## Given material
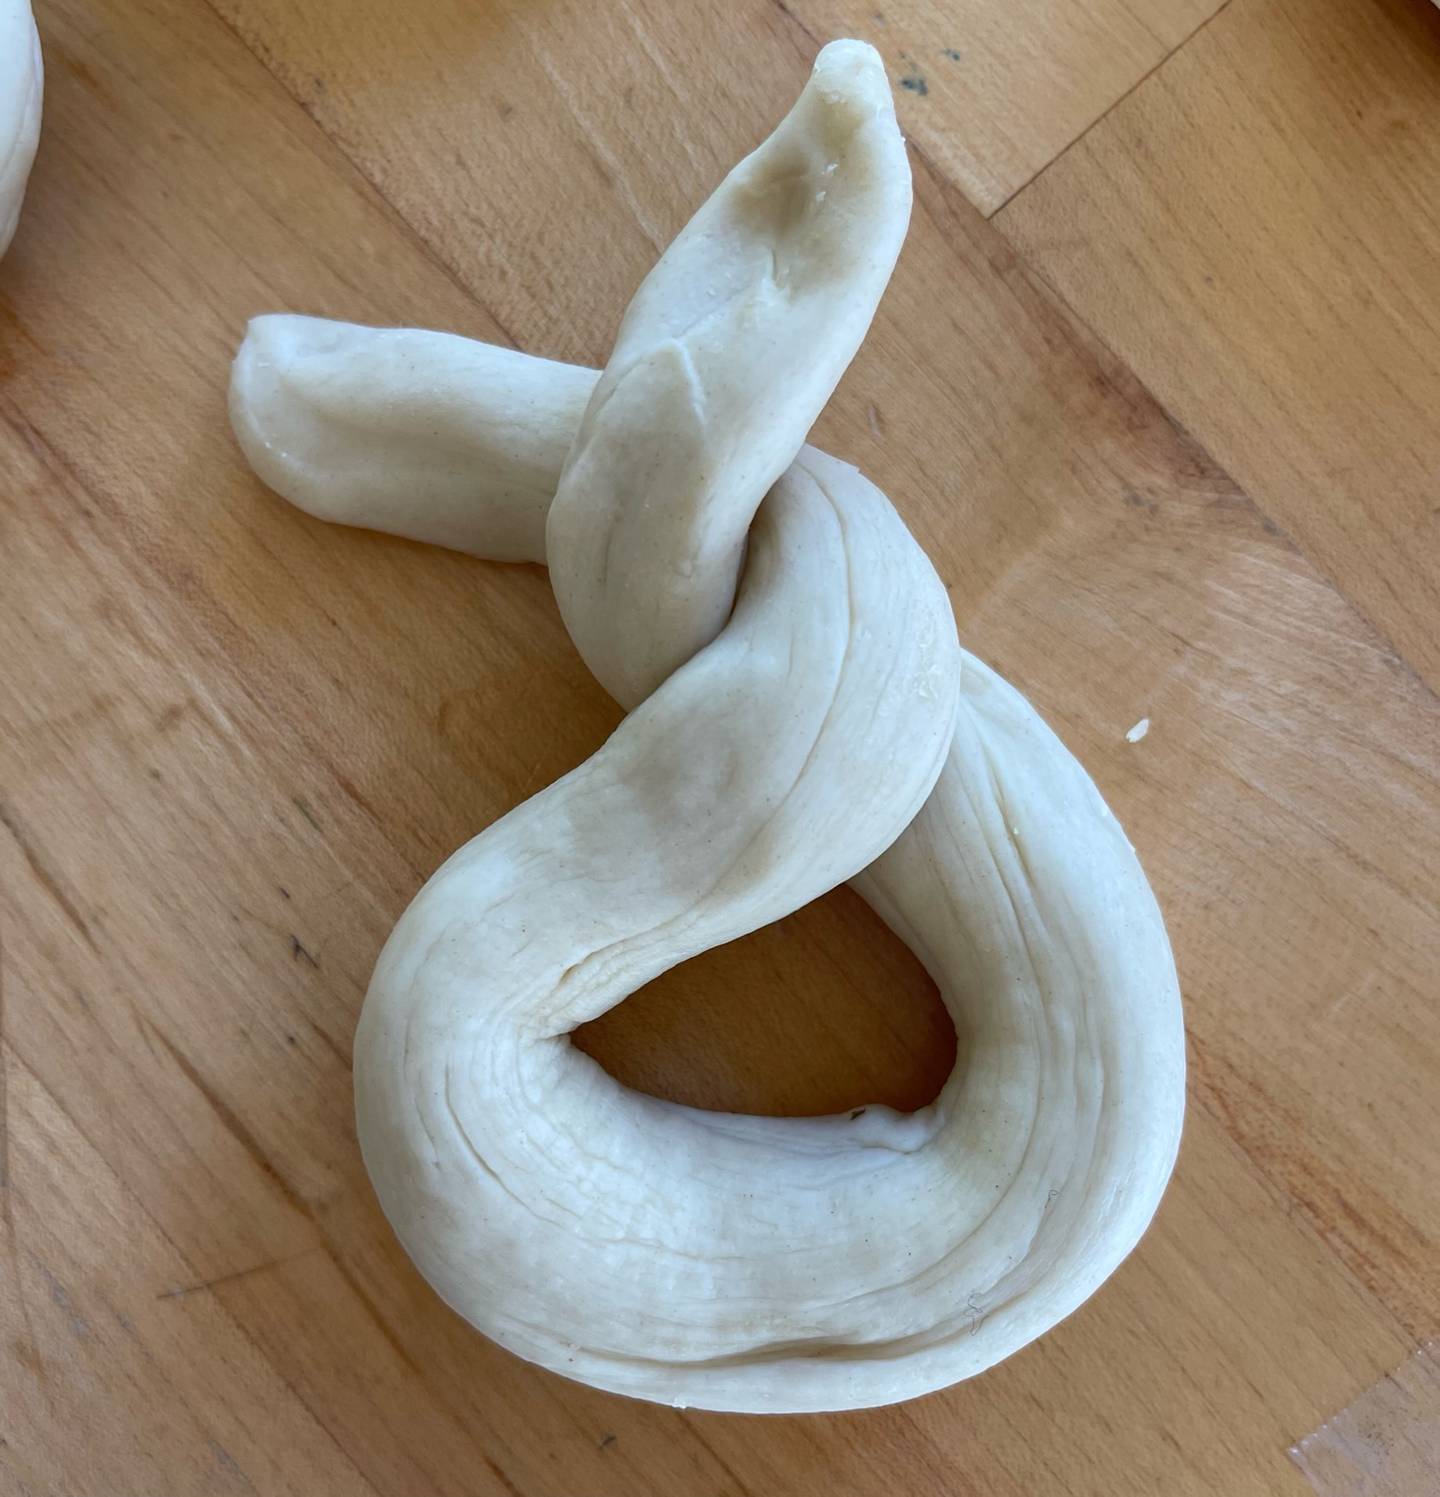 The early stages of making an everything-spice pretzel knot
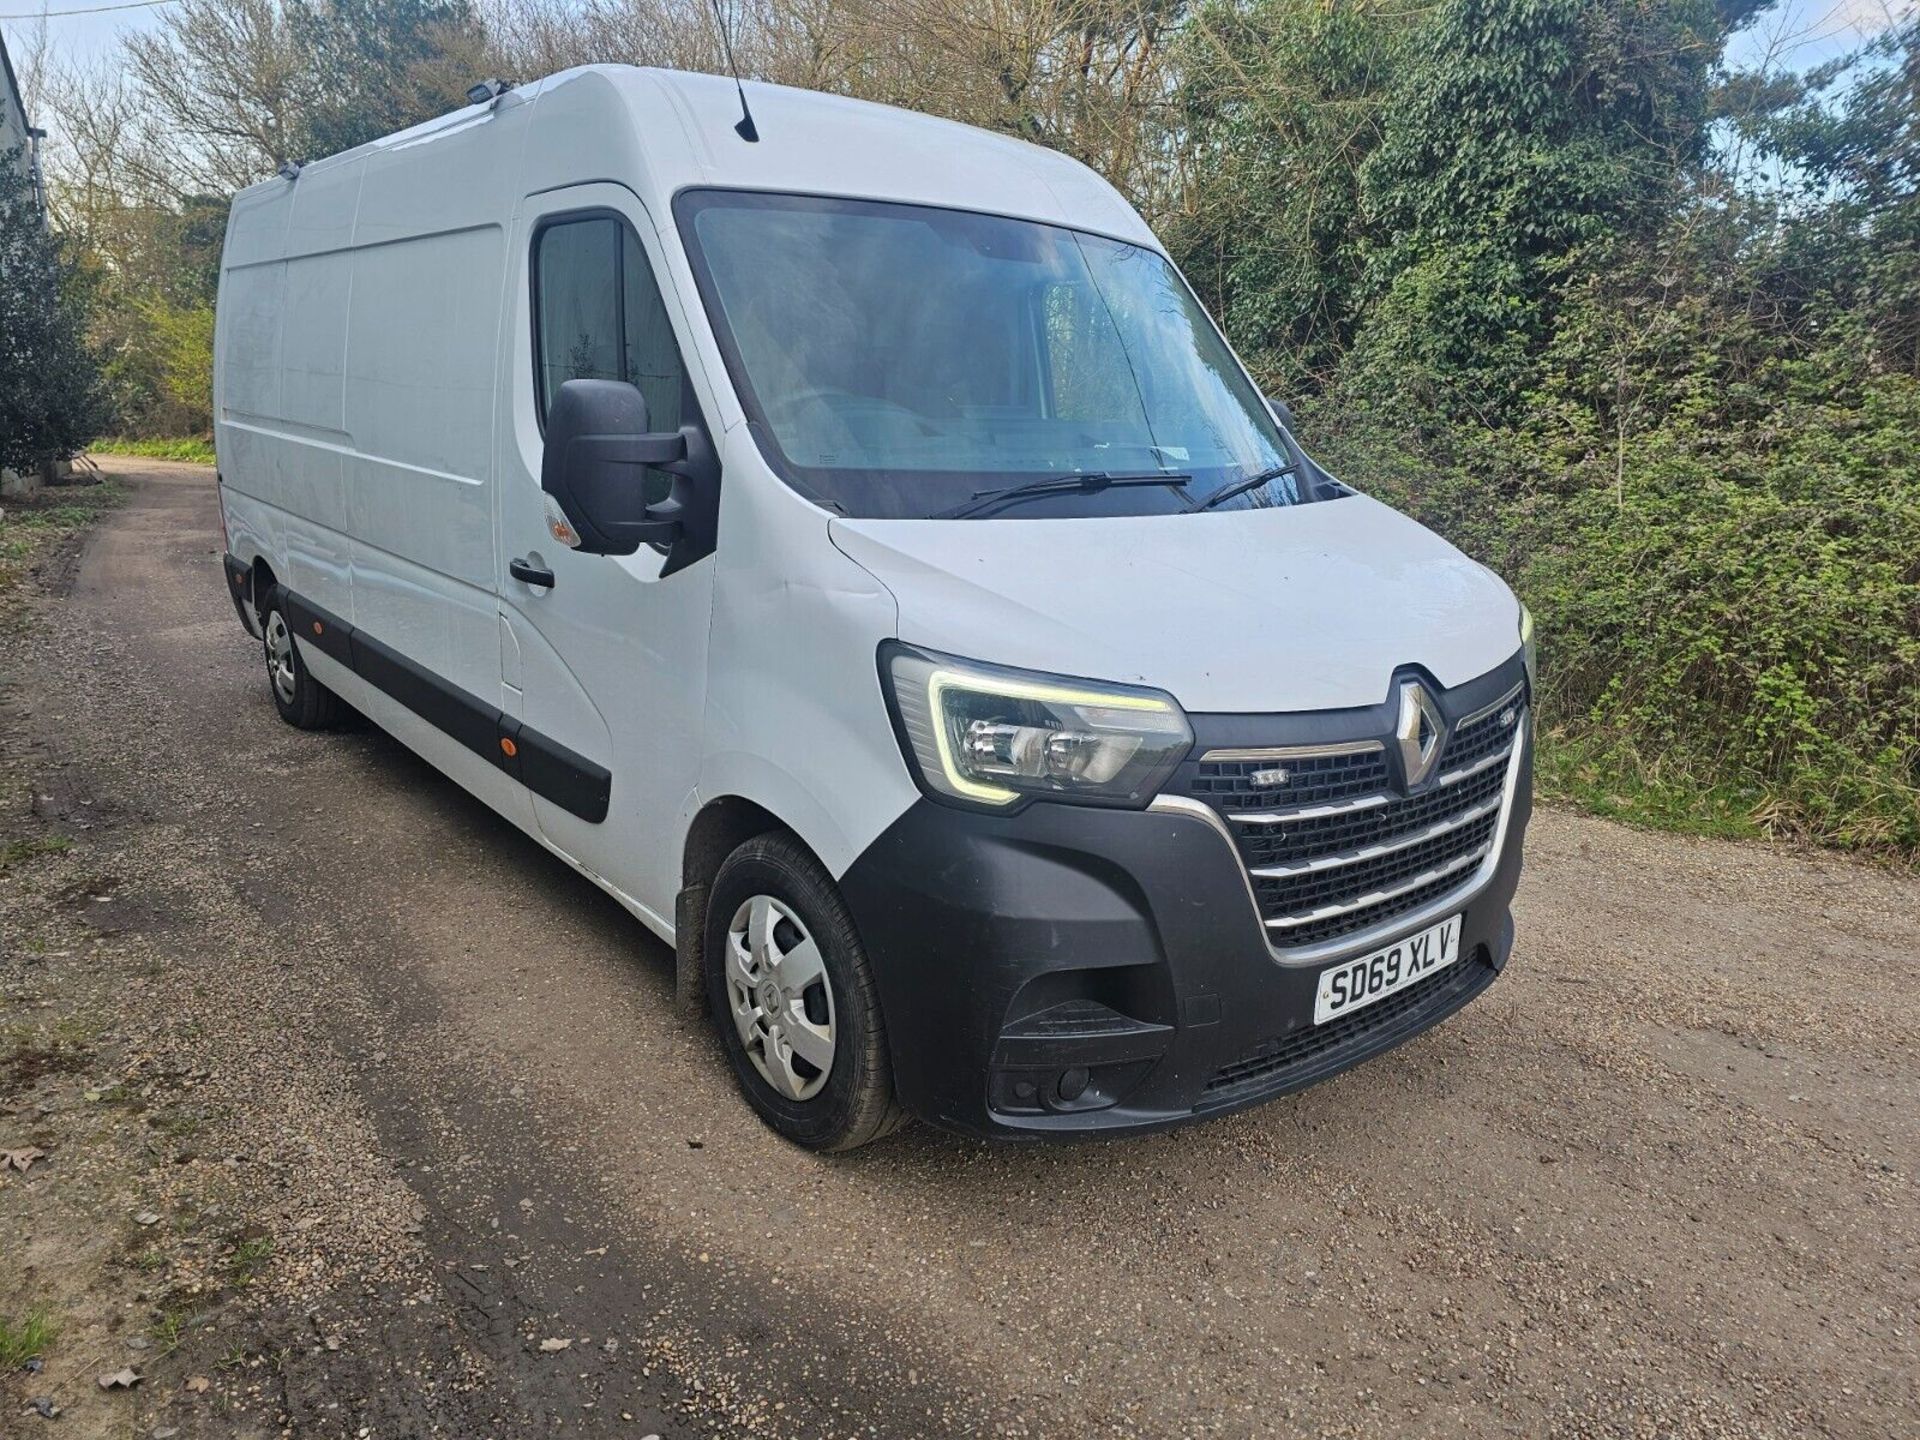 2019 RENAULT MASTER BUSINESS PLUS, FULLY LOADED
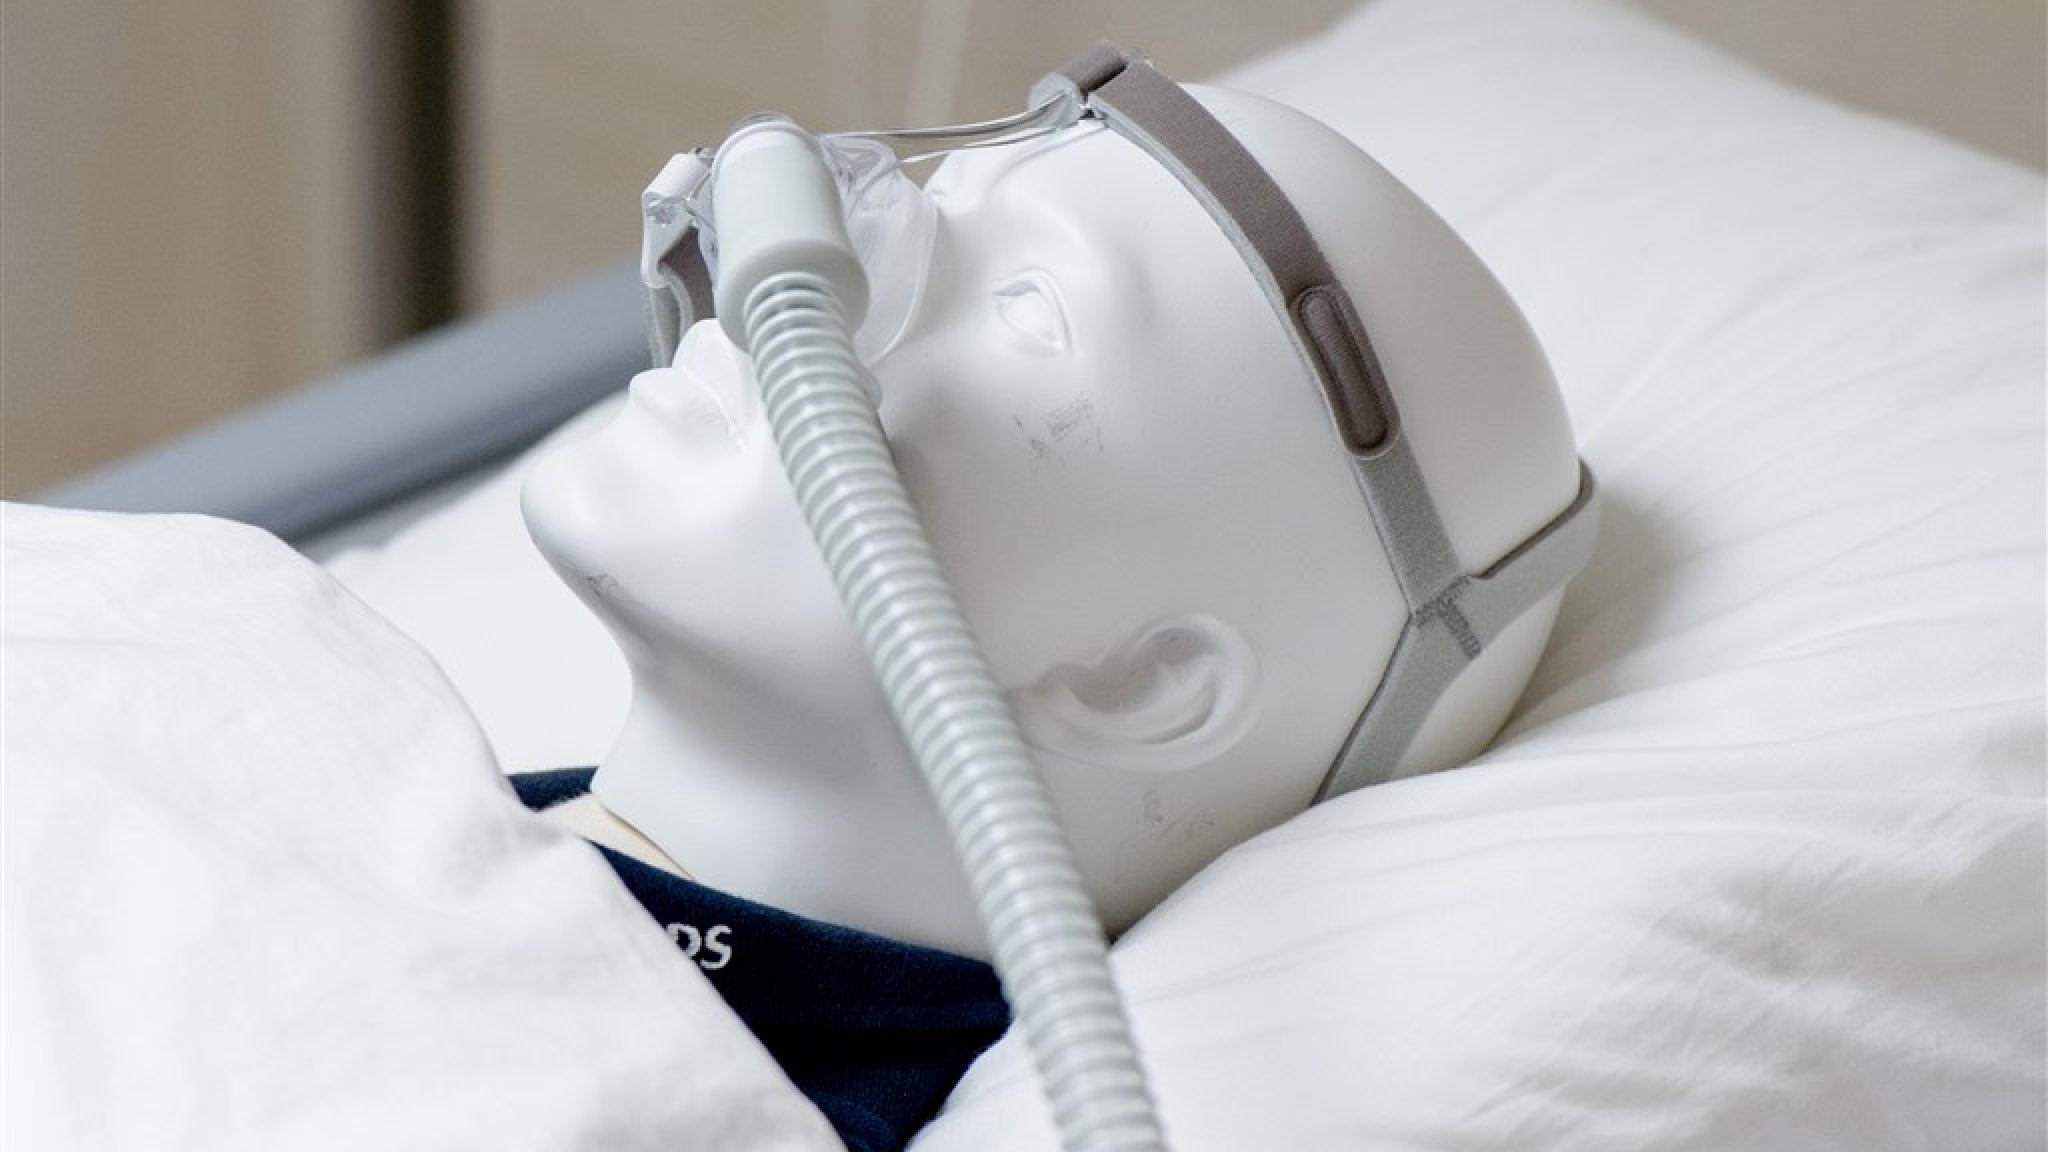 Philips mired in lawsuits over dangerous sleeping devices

## What the task requires
Each line of the listing is to be retyped exactly, and its pictures are to be dropped.

## Task solution
 The early stages of making an everything-spice pretzel knot
 2019 RENAULT MASTER BUSINESS PLUS, FULLY LOADED
 Philips mired in lawsuits over dangerous sleeping devices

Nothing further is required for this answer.